Monday, 23 October 2017

Week 5 Class Practical: Part 5 - Hypershade & Displacement Mapping

The final part of this weeks practical shows what the hypershade window is, how to use it and the next step up from bump mapping; displacement mapping. To begin with, hypershade is a material explorer for your scene located at the top of the screen as a small spherical icon.


Clicking this icon will take you into the hypershade window with a list of any materials and textures you have worked with in this scene, amongst other things. Clicking on one of these will give you a preview of it on the spherical shape in the top right. You can also adjust many of the parameters of those materials in the property editor located beneath the preview sphere.

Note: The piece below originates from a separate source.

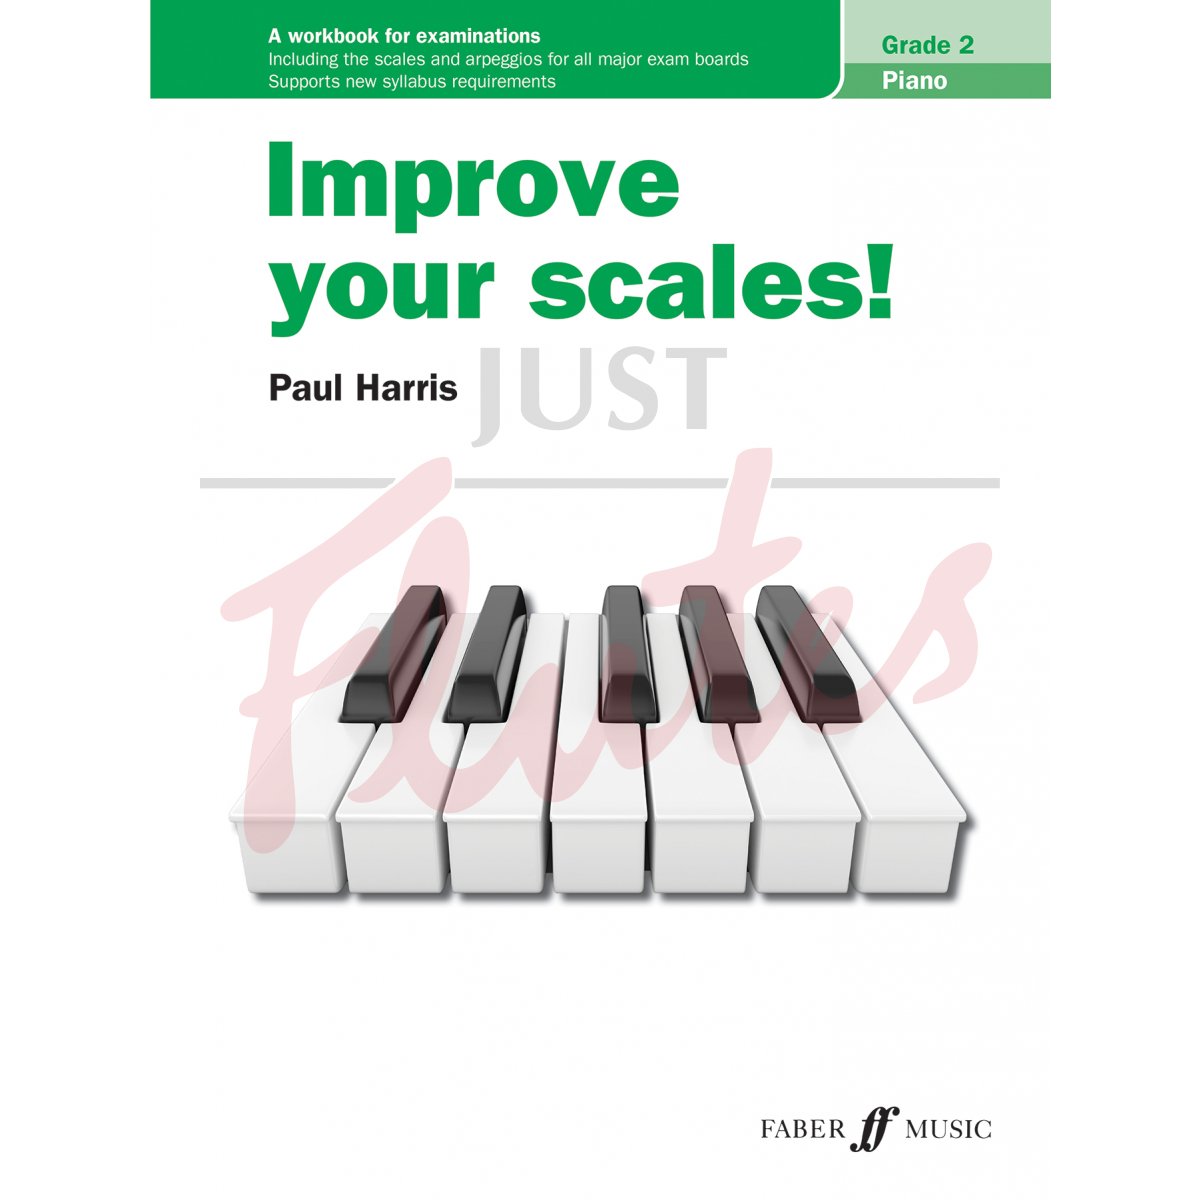 Improve Your Scales! [Piano] Grade 2

Holding right click on an object and selecting "Graph Network" will also show you all of the various objects this material has been applied to on your scene. This is very useful for keeping track of which materials have been applied where in the scene.


Finally in this practical I have learned about the use of displacement mapping. When using a bump map on an object the texture will give the illusion of depth using light and shadow, sometimes however you need the actual geometry to have depth to make a more realistic model. Displacement mapping allows you to add this depth to the geometry at render at the cost of a longer render time but still keeping the poly count low on your models. This type of mapping is applied in much the same way as bump mapping, by selecting an object and applying a texture to it. In this example I have made a sphere and applied the "blinn" texture to it. Once added I accessed the material panel in the attributes editor and clicked a small box with a outwards facing arrow to take me to the "Shading Group Attributes" parameters, as shown below.



Once in this menu I clicked the small chequered box next to the "Displacement Mat." parameter in order to load a displacement texture. In this particular example I chose the "Cloth" procedural texture map with extreme parameters to apply to this shape, however bitmap textures will also work for this. After rendering the scene the effect on the sphere was not only the effective "appearance" of depth, but an actual change in the geometry as seen below.